Uygulamada mesele, 05.02.1947 tarihli ve 20/6 sayılı İçtihadı Birleştirme kararı ile ilişkilendirilip, bu karar dayanak yapılmak suretiyle çözüme gidilmektedir. İçtihadı Birleştirme kararının sonuç bölümünde ifade olunduğu üzere, inançlı işleme dayalı olup dinlenilirliği kabul edilen iddiaların ispatı, şekle bağlı olmayan yazılı delildir. İnanç sözleşmesi olarak adlandırılan bu belgenin sözleşmeye taraf olanların veya inanılanın imzasını içermesi gereklidir. Bunun dışındaki bir kabul, hem İçtihadı Birleştirme kararının kapsamının genişletilmesi, hemde taşınmazların tapu dışı satışlarına olanak sağlamak anlamını taşıyacağından kendine özgü bu sözleşmelerle bağdaştırılamaz.
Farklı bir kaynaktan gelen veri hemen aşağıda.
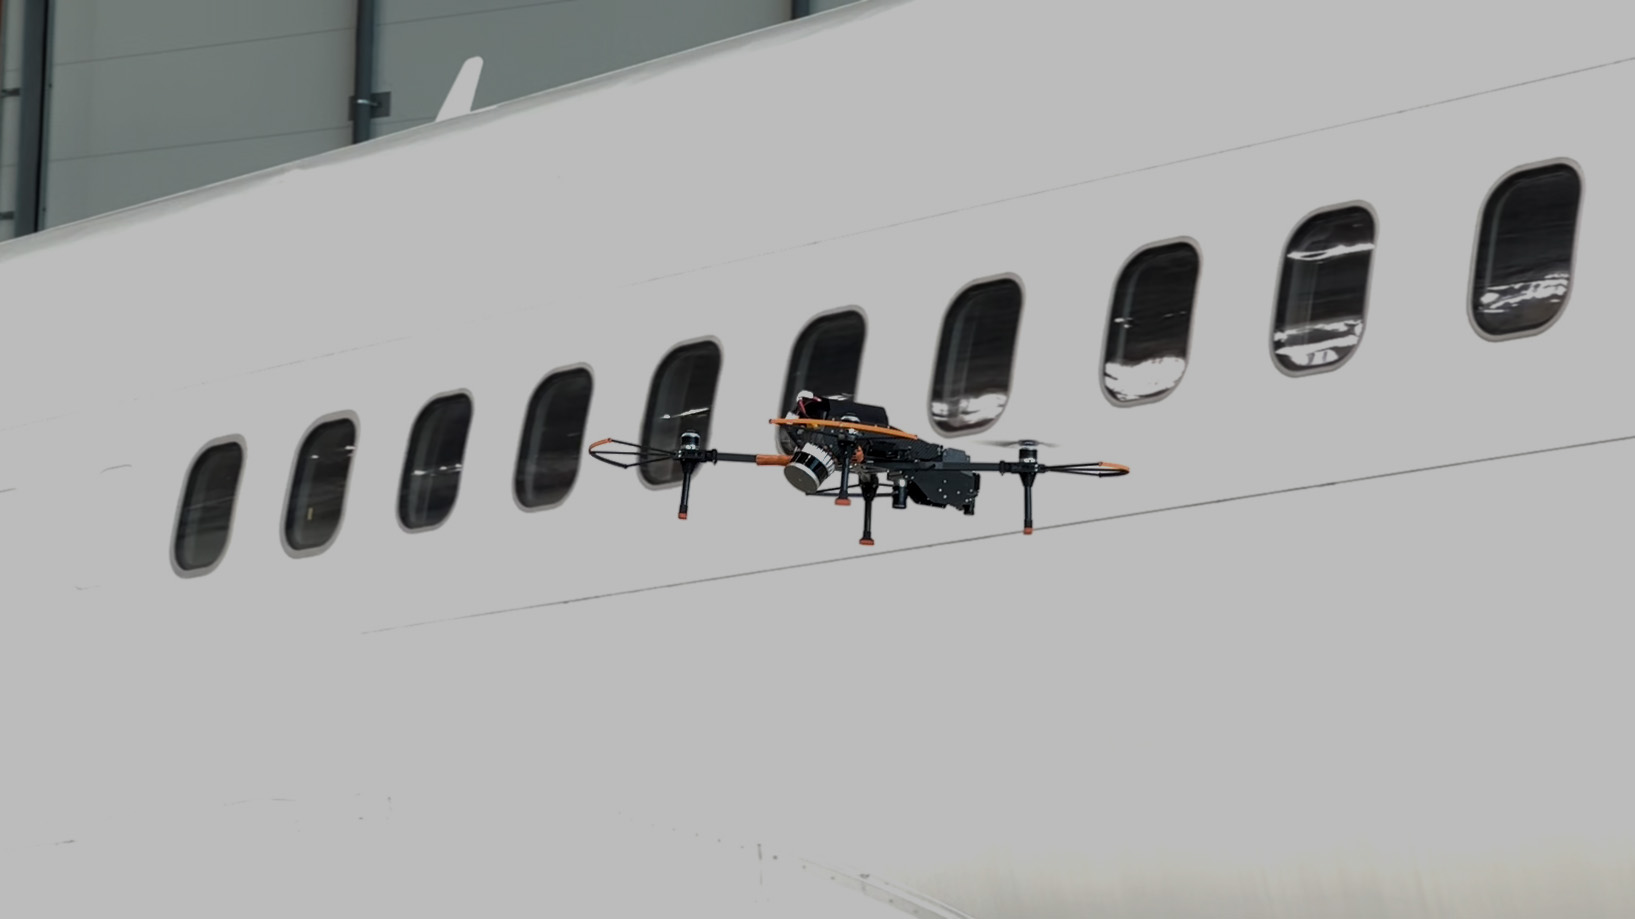 Iris drone during and automated aircraft inspection

05.02.1947 tarihli 20/6 sayılı İnançları Birleştirme Kararı uyarınca, inançlı işleme dayalı iddianın, şekle bağlı olmayan yazılı delille kanıtlanması gerekeceği kuşkusuzdur. Şayet, ispat külfeti kendisinde olan tarafın yazılı bir belgesi yok ise ancak taraflar arasında gerçekleştirilen mektup, banka dekontu, yazışmalar gibi birtakım belgeler var ise bunların delil başlangıcı sayılacağı ve iddianın her türlü delille kanıtlanmasının olanaklı hale geleceği sabittir. Şayet, delil başlangıcı sayılacak böylesi bir olgu da bulunmuyor ise iddia sahibinin son başvuracağı delilin karşı tarafa yemin teklif etme hakkı olduğu da şüphesizdir.
3.3. Değerlendirme
Dosya içeriğine, toplanan delillere, (IV./6.) numaralı paragrafta yer verilen Bölge Adliye Mahkemesi kararının dayandığı yasal ve hukuksal gerekçeye ve özellikle delillerin takdirinde bir isabetsizlik bulunmamasına göre; yazılı şekilde karar verilmesinde bir isabetsizlik bulunmamaktadır.
VI. SONUÇ
Açıklanan nedenlerle; davacı vekilinin yerinde bulunmayan temyiz itirazlarının reddiyle usul ve yasaya uygun olan hükmün ONANMASINA, harç peşin alındığından başkaca harç alınmasına yer olmadığına, 11/10/2022 tarihinde kesin olmak üzere oy birliğiyle karar verildi.